We present a novel method for scalable and precise certification of deep neural networks. The key technical insight behind our approach is a new abstract domain which combines floating point polyhedra with intervals and is equipped with abstract transformers specifically tailored to the setting of neural networks. Concretely, we introduce new transformers for affine transforms, the rectified linear unit (ReLU), sigmoid, tanh, and maxpool functions.

We implemented our method in a system called DeepPoly and evaluated it extensively on a range of datasets, neural architectures (including defended networks), and specifications. Our experimental results indicate that DeepPoly is more precise than prior work while scaling to large networks.

We also show how to combine DeepPoly with a form of abstraction refinement based on trace partitioning. This enables us to prove, for the first time, the robustness of the network when the input image is subjected to complex perturbations such as rotations that employ linear interpolation.

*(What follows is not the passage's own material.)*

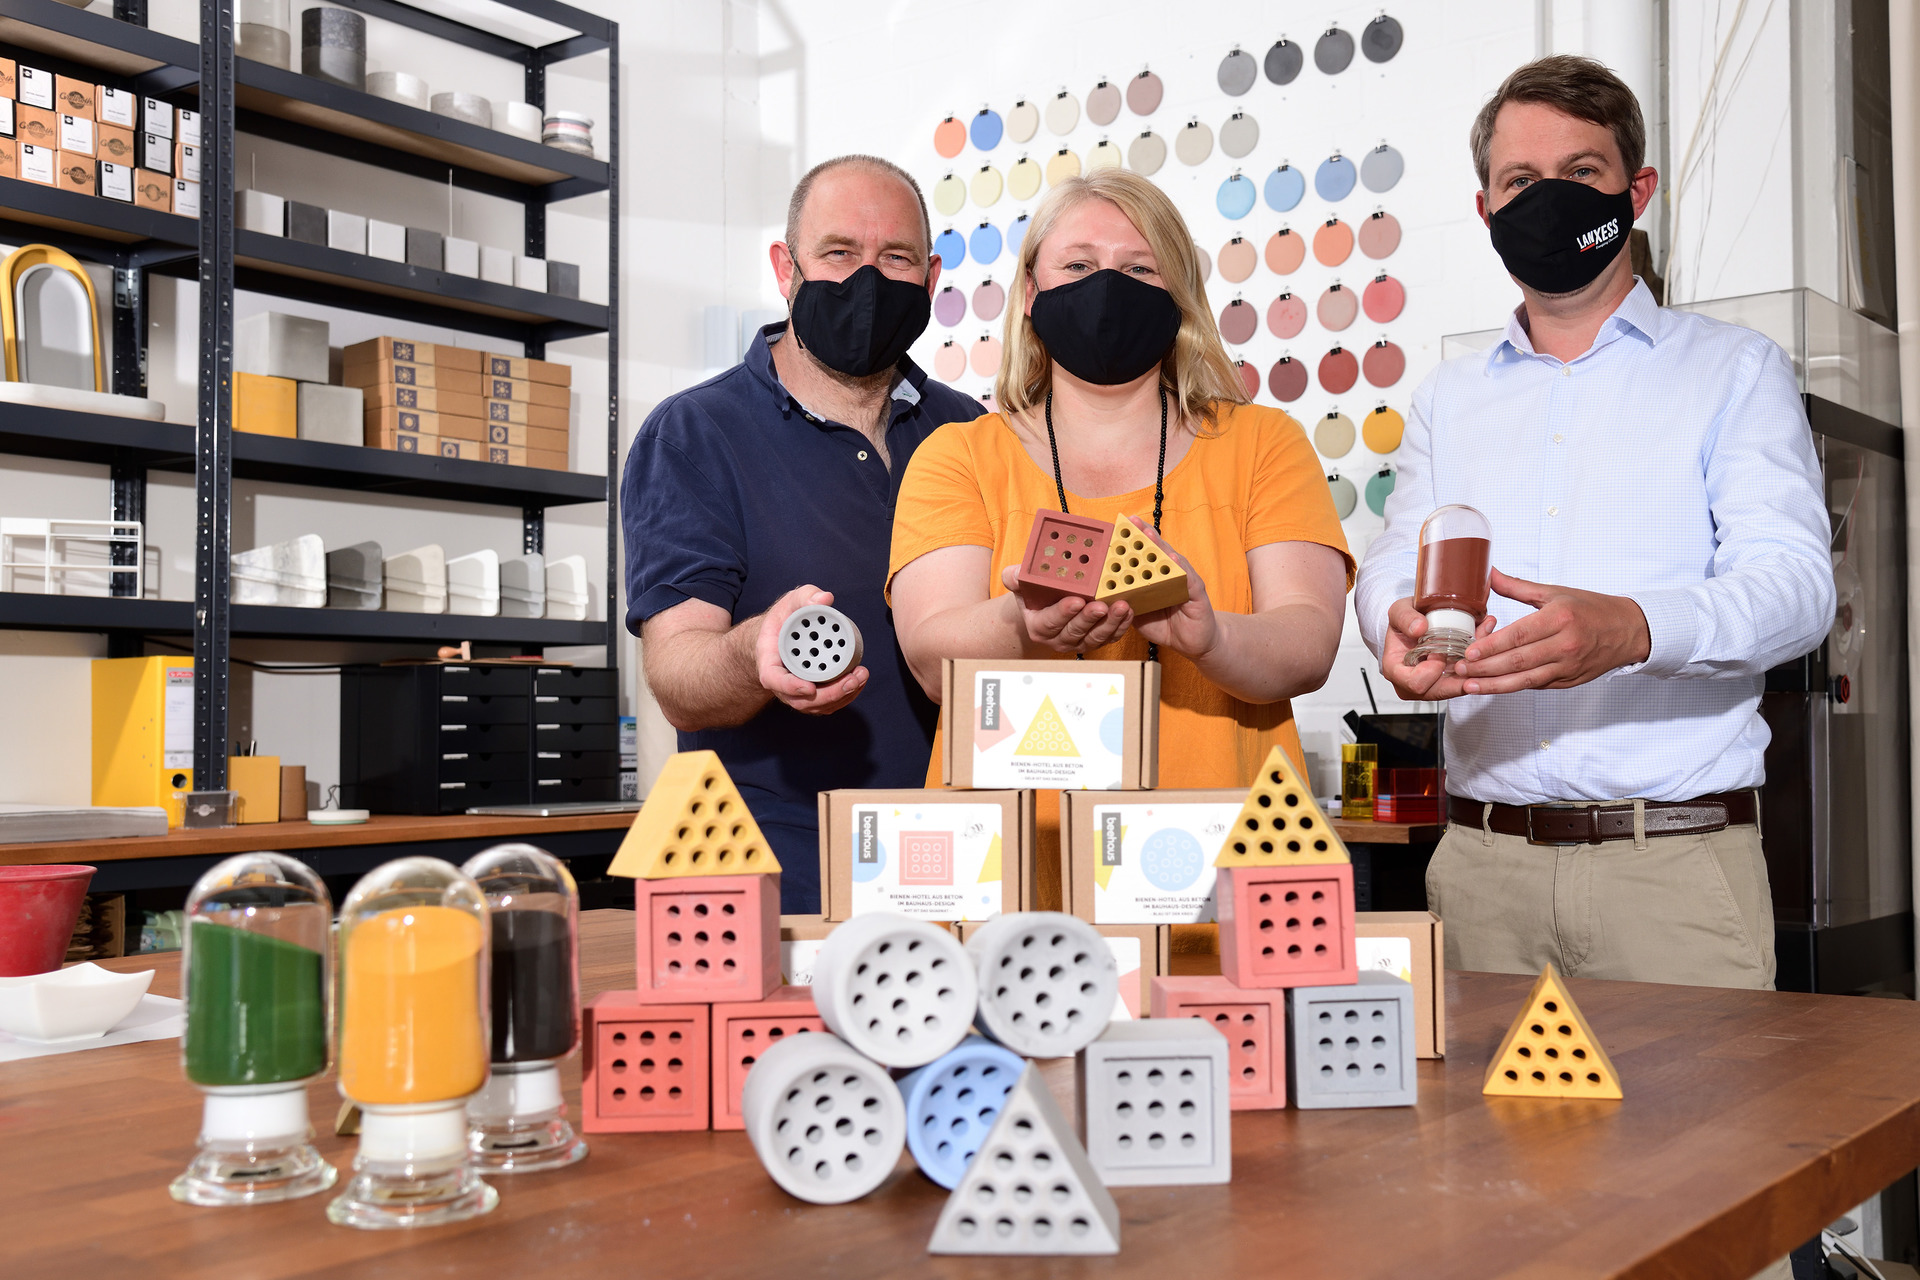 朗盛无机颜料事业部Christoph Schmidt(右)与Grellroth公司的Diana Schmidt-Grellroth和Bernd Grellmann一起介绍了颜料在蜂舍中的可能应用。欧洲杯体彩竞猜

Tetsuya Sato, Alejandro Aguirre, Gilles Barthe, Marco Gaboardi, Deepak Garg, and Justin Hsu. 2019. “Formal Verification of Higher-Order Probabilistic Programs.” Principles of Programming Languages (POPL). PDFAbstract
Probabilistic programming provides a convenient lingua franca for writing succinct and rigorous descriptions of probabilistic models and inference tasks. Several probabilistic programming languages, including Anglican, Church or Hakaru, derive their expressiveness from a powerful combination of continuous distributions, conditioning, and higher-order functions. Although very important for practical applications, these features raise fundamental challenges for program semantics and verification. Several recent works offer promising answers to these challenges, but their primary focus is on foundational semantics issues. In this paper, we take a step further by developing a suite of logics, collectively named PPV, for proving properties of programs written in an expressive probabilistic higher-order language with continuous sampling operations and primitives for conditioning distributions. Our logics mimic the comfortable reasoning style of informal proofs using carefully selected axiomatizations of key results from probability theory. The versatility of our logics is illustrated through the formal verification of several intricate examples from statistics, probabilistic inference, and machine learning. We further show expressiveness by giving sound embeddings of existing logics. In particular, we do this in a parametric way by showing how the semantics idea of (unary and relational) ⊤⊤-lifting can be internalized in our logics. The soundness of PPV follows by interpreting programs and assertions in quasi-Borel spaces (QBS), a recently proposed variant of Borel spaces with a good structure for interpreting higher order probabilistic programs.
Philip S. Thomas, Bruno Castro da Silva, Andrew G. Barto, Stephen Giguere, Yuriy Brun, and Emma Brunskill. 2019. “Preventing undesirable behavior of intelligent machines.” Science, 366, 6468, Pp. 999–1004. Publisher's VersionAbstract
Intelligent machines using machine learning algorithms are ubiquitous, ranging from simple data analysis and pattern recognition tools to complex systems that achieve superhuman performance on various tasks. Ensuring that they do not exhibit undesirable behavior—that they do not, for example, cause harm to humans—is therefore a pressing problem. We propose a general and flexible framework for designing machine learning algorithms. This framework simplifies the problem of specifying and regulating undesirable behavior. To show the viability of this framework, we used it to create machine learning algorithms that precluded the dangerous behavior caused by standard machine learning algorithms in our experiments. Our framework for designing machine learning algorithms simplifies the safe and responsible application of machine learning.